ISLAMABAD: The caretaker Prime Minister Anwaarul Haq Kakar sprang into action over the reported breach of confidentiality by Pakistan LNG Limited (PLL) as reported in ‘The News’ story and directed the secretary petroleum to look into the matter of confidentiality breach with SOCAR - an Azeri state-owned company - and submit a report to him.
Confirming the development, the senior officials of the energy ministry said, “Yes, the Prime Minister has taken serious notice of the confidentiality breach which may endanger the GtG agreement with Azerbaijan and to this effect the top functionaries of the ministry remained busy and spent the whole day trying to find out as to why it had happened.”
The Energy Minister Mohammad Ali is also accompanying the premier during visit to the UAE and the report will be submitted to the energy minister who will then explain to the PM on the issue, they added.
The energy ministry official said the ministry is now in the process of making new SOPs for purchasing the gas through bids and in future, it will not use the price from SOCAR under GtG agreement to bargain with the bidders price. He admitted that the PLL board and its management had played the foul by using the price offered by SOCAR under the GtG contract for further lowering the price of LNG cargo from the lowest bidder. This will lead to the mistrust not only among the LNG trading companies but also with the friendly country of Azerbaijan.
The official said that the PLL board and its management has made this wrong decision collectively which is why no one personally will be fixed for this wrong decision. The decision has helped save Rs800 million but it triggered the mistrust among the LNG trading companies and Azerbaijan’s SOCAR with which PLL is in GTG agreement for LNG cargo a month.
Quoting the senior officers involved in the bidding process, ‘The News’ published the story “LNG deal with Azerbaijan’s SOCAR may hit snags over breach of confidentiality’ reporting that the PLL used the price offered from SOCAR as a tool to bring down the bid price from lowest bidder OQ trading, which was at $18.46 per MMBtu.
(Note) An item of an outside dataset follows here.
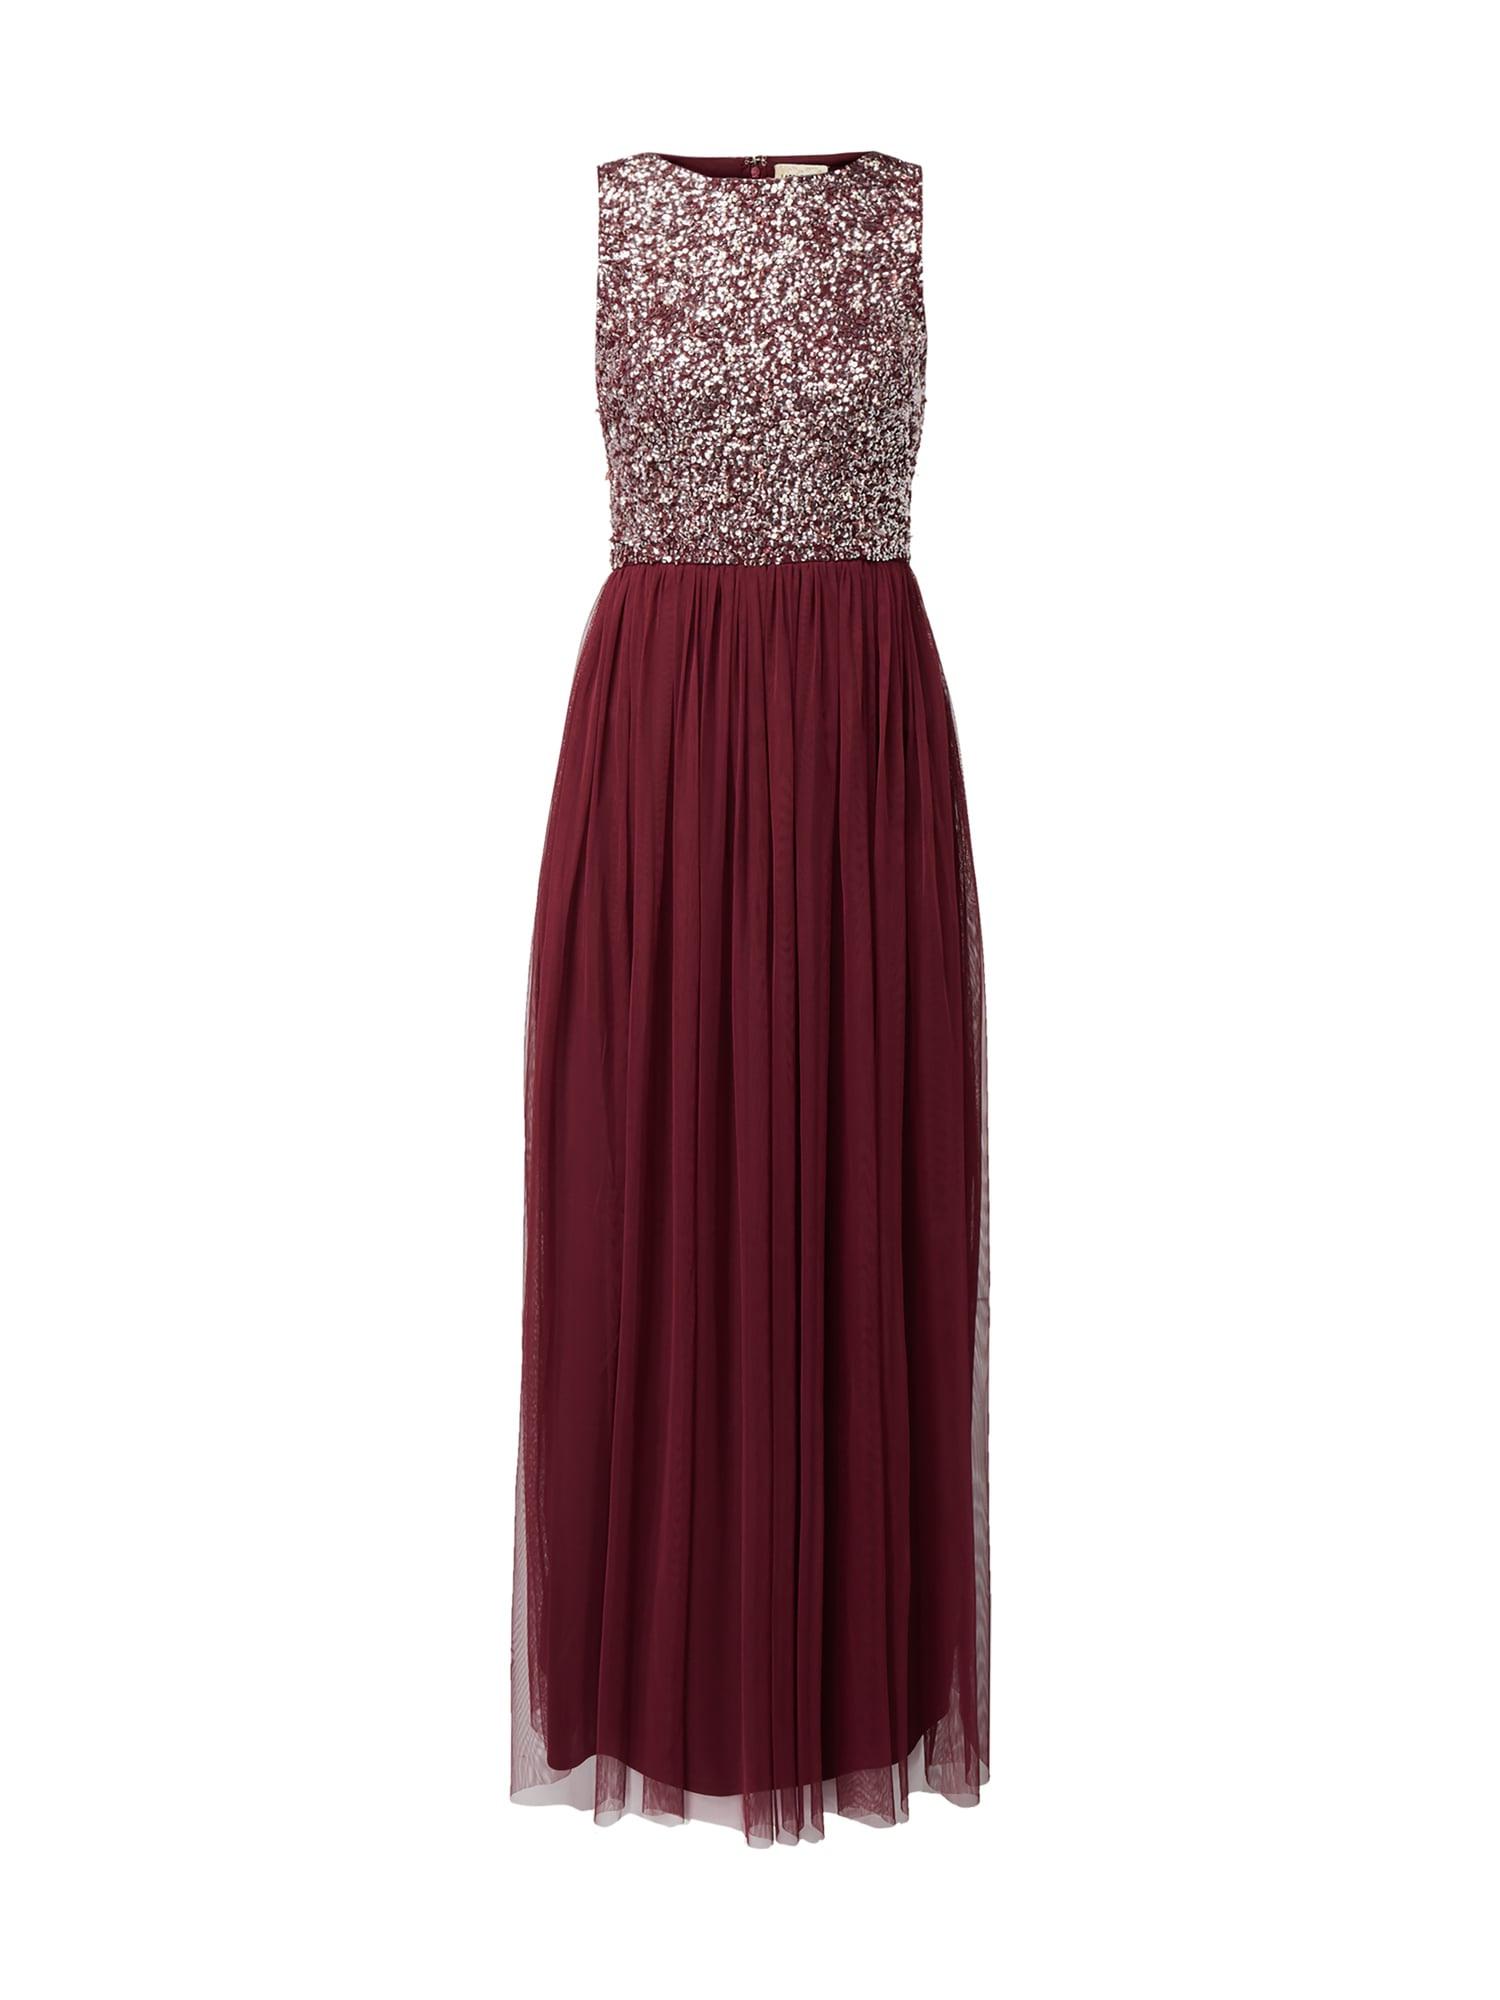 20 Luxus Abendkleid Bordeaux Bester Preis15 Schön Abendkleid Bordeaux Stylish

However, the price was still higher than the previous spot cargoes procured by Pakistan LNG Limited.
The PLL Board met after the bids were opened and decided to contact SOCAR for its offer for January LNG cargo.
In return, SOCAR offered the LNG price at $17.96 per MMBtu, but PLL management cleverly contacted OQ trading and let it know about the SOCAR offer, which was under GtG, not the bidding process.
It asked the lowest bidder to match the SOCAR offer. The OQ trading revised down its offer to $17.95 per MMBtu than the SOCAR-offered price below one cent. This is how the PLL managed the LNG cargo for January at $17.95 by using SOCAR’s price as a tool to bargain with the lowest bidder.